Les fermiers ont tout intérêt à respecter l'engagement de cultiver en bio contenu dans leur bail. La Cour de cassation vient de le rappeler à travers une décision du 6 février 2020, par laquelle elle rejette le pourvoi d'un couple d'agriculteurs normands qui contestait la résiliation du bail et son expulsion des parcelles qu'il louait.
Préjudice financier
L'affaire est la suivante. Le bail, signé en 2001, prévoyait que les terres devaient être cultivées « dans le cadre des contraintes agro-environnementales et selon des méthodes agrobiologiques ». Le propriétaire avait en effet engagé l'intégralité de la superficie de son exploitation en agriculture bio et obtenu une attestation d'engagement dans le bio, établie par l'organisme de contrôle Ecocert.
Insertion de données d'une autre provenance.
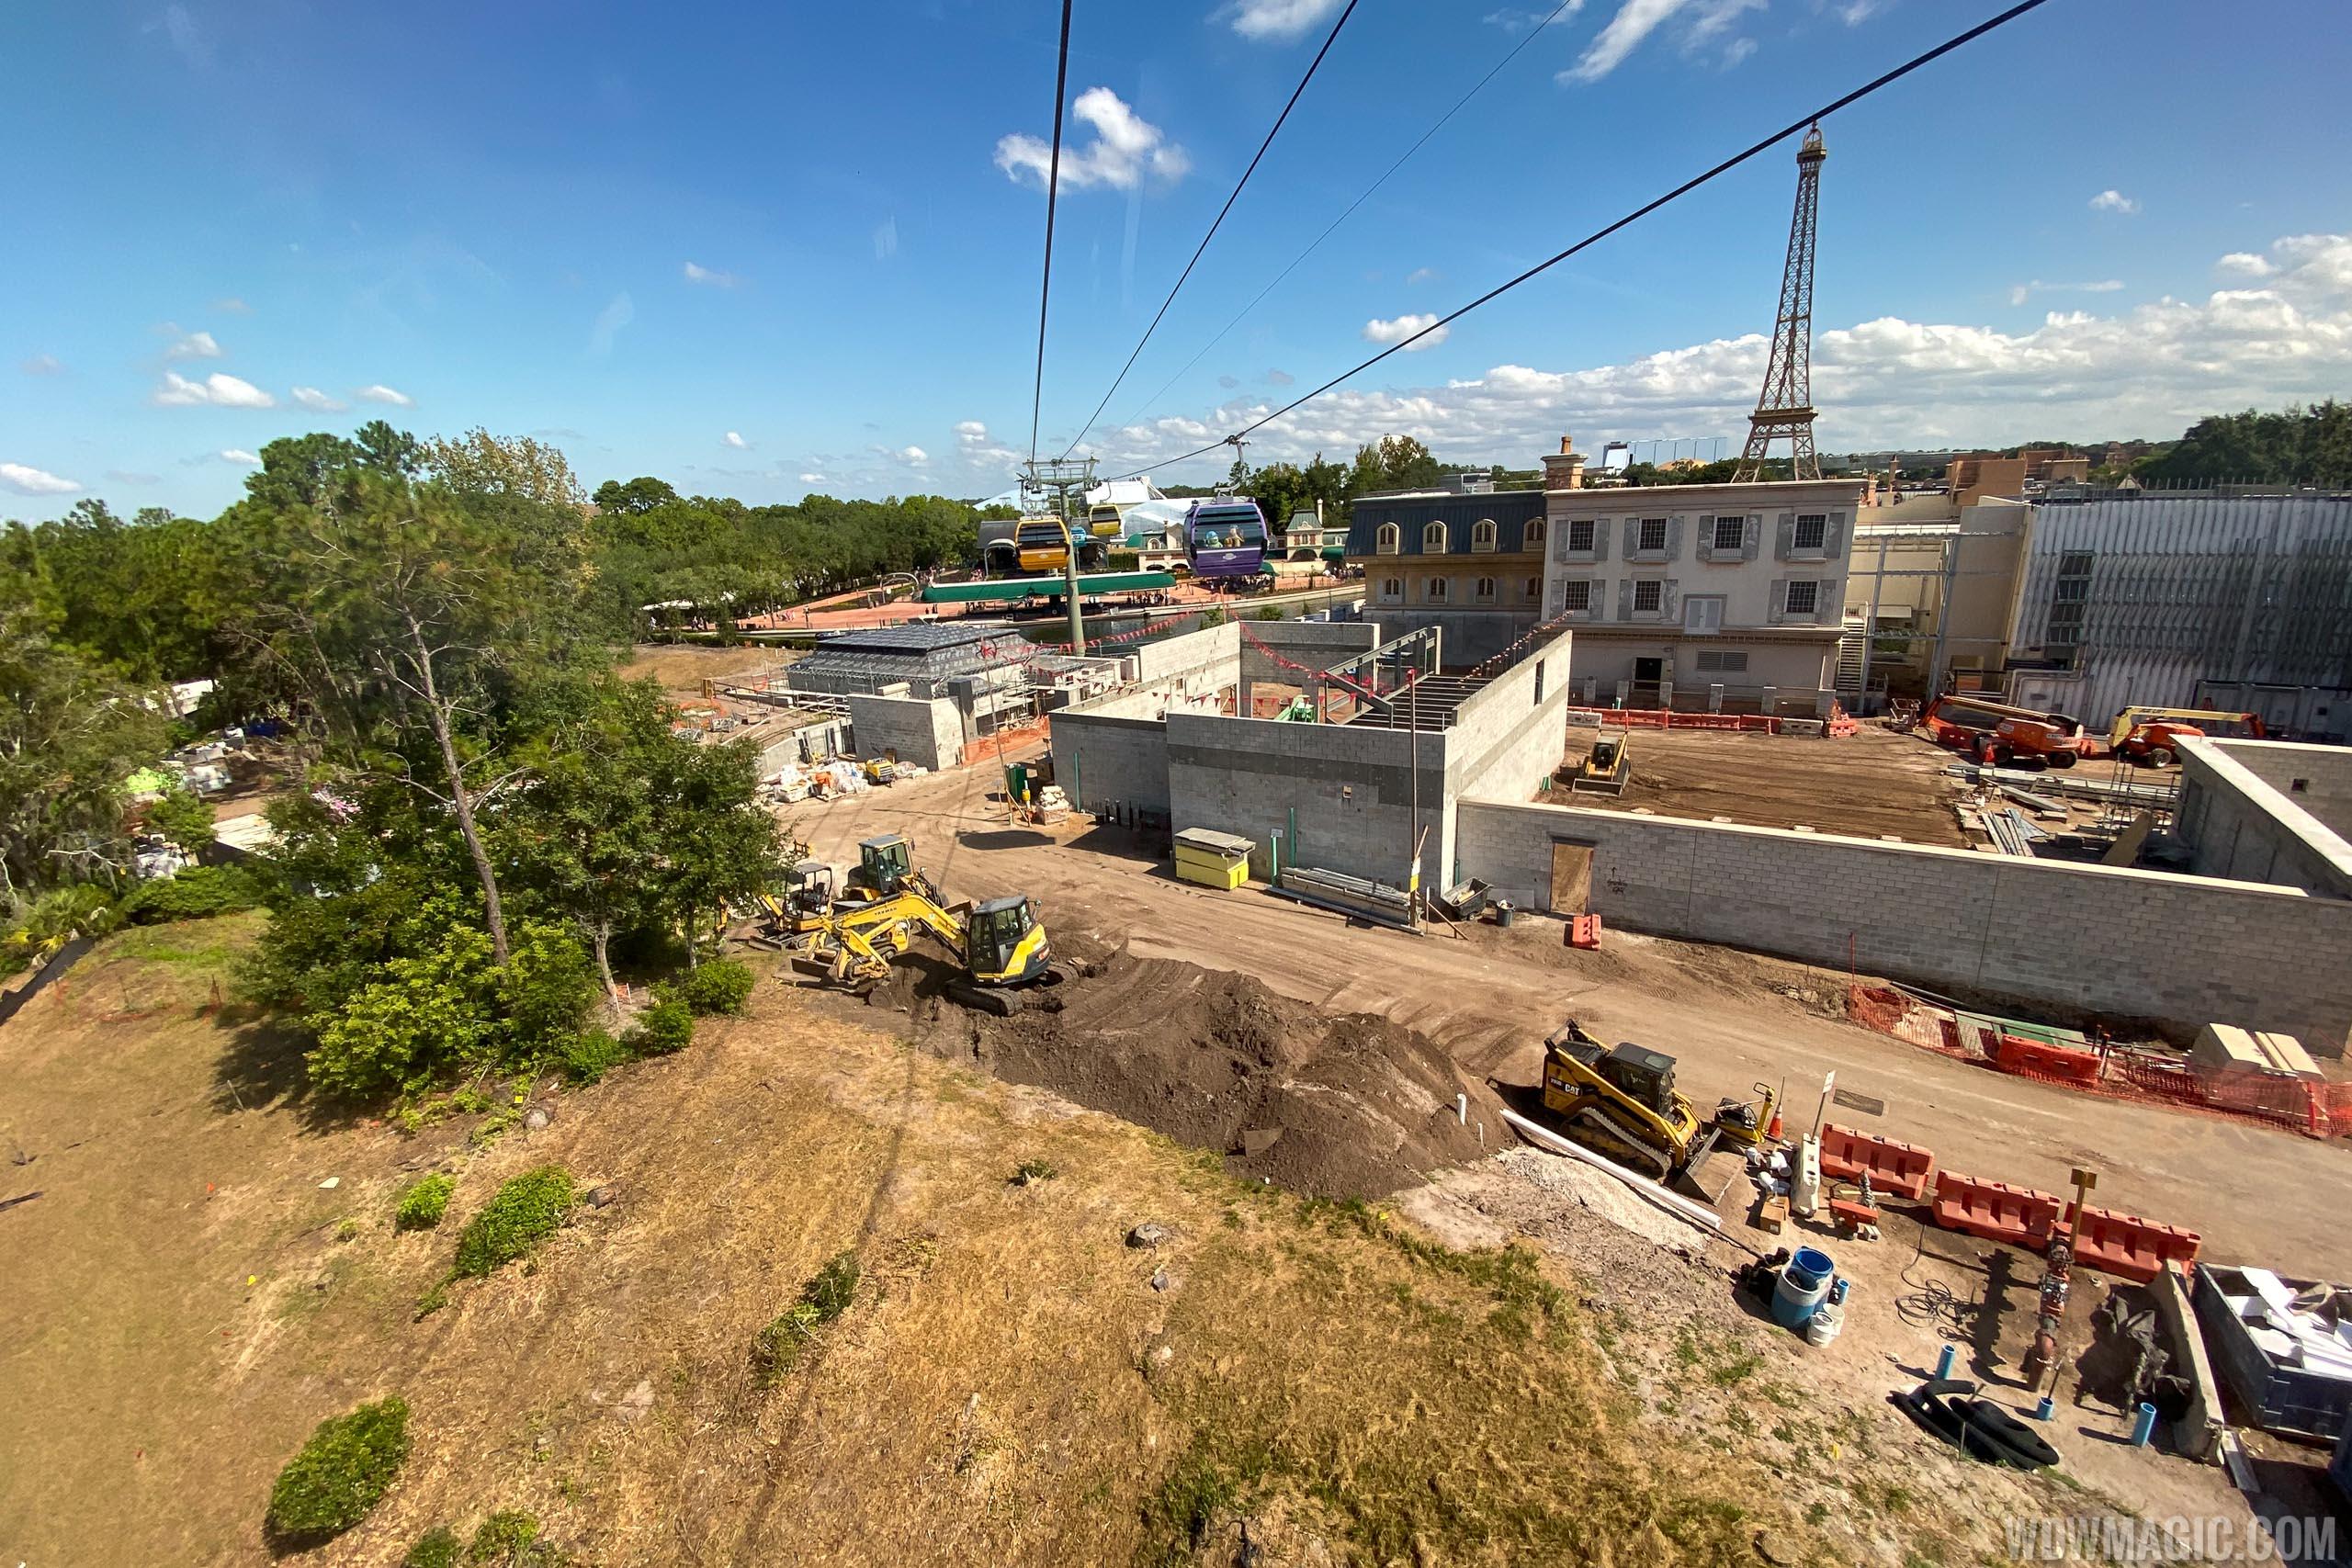 Remy's Ratatouille Adventure construction - September 2019

Or, le preneur n'avait pas respecté cet engagement et avait toujours exploité les parcelles de manière conventionnelle. Le propriétaire en avait subi un préjudice financier, puisqu'il avait dû restituer 4 378 euros d'aides du fait du non-respect de son contrat de conversion. Après une mise en demeure non satisfaite, ce dernier a saisi le tribunal paritaire des baux ruraux pour faire résilier le bail et expulser ses fermiers.
La cour d'appel de Caen, statuant de nouveau sur l'affaire, a prononcé la résiliation et ordonné l'expulsion des fermiers des parcelles louées dans un délai de deux mois et sous astreinte de 50 euros par jour de retard, passé ce délai.
Les clauses environnementales parfaitement légales
Ces derniers se sont alors pourvus en cassation en invoquant plusieurs moyens. Ils ont notamment fait valoir que la liberté du preneur dans le choix du mode d'exploitation primait en matière de baux ruraux et que le propriétaire ne pouvait imposer des clauses environnementales à la date où le bail avait été conclu.
La Cour de cassation rejette ce moyen. Il résulte de l'article L. 411-27 du code rural, dans sa rédaction applicable en 2001, que le bail peut être résilié si le fermier « emploie la chose louée à un autre usage que celui auquel elle a été destinée ». « Une clause prévoyant des méthodes de culture respectueuses de l'environnement n'est pas contraire à l'ordre public statutaire », juge la Cour. Or, en exploitant délibérément les terres de façon conventionnelle en méconnaissance de leur nature dédiée aux pratiques agrobiologiques, les fermiers ont manqué à leurs obligations, confirme l'arrêt.
Exploitation compromise et préjudice du bailleur
Les fermiers ont également fait valoir que le bailleur ne pouvait résilier le bail que s'il justifiait de l'un des motifs inscrits à l'article L. 411-31 du code rural. Selon eux, les juges d'appel auraient donc dû rechercher si le fait de pratiquer une agriculture conventionnelle « insusceptible de compromettre la bonne exploitation du fond » n'était pas exclue des cas de résiliation autorisés.
La Haute juridiction juge le moyen infondé, la cour d'appel ayant effectivement procédé à cette recherche pour souverainement en déduire que la résiliation devait être prononcée. Celle-ci avait en effet constaté que « le fonds était affecté à la production biologique, retenu que sa bonne exploitation était compromise par l'application de méthodes polluantes, contraires au classement des terres, et caractérisé le préjudice subi par le bailleur du fait des sanctions administratives engendrées par la non-conformité de ses parcelles à l'opération de conversion à l'agriculture biologique dans laquelle elles avaient été déclarées en totalité ».
Le respect des clauses environnementales d'un bail rural n'est donc pas une option. Une bonne nouvelle pour l'environnement, mais aussi pour les propriétaires bailleurs qui ont subi un préjudice du fait d'une violation du bail par leur fermier.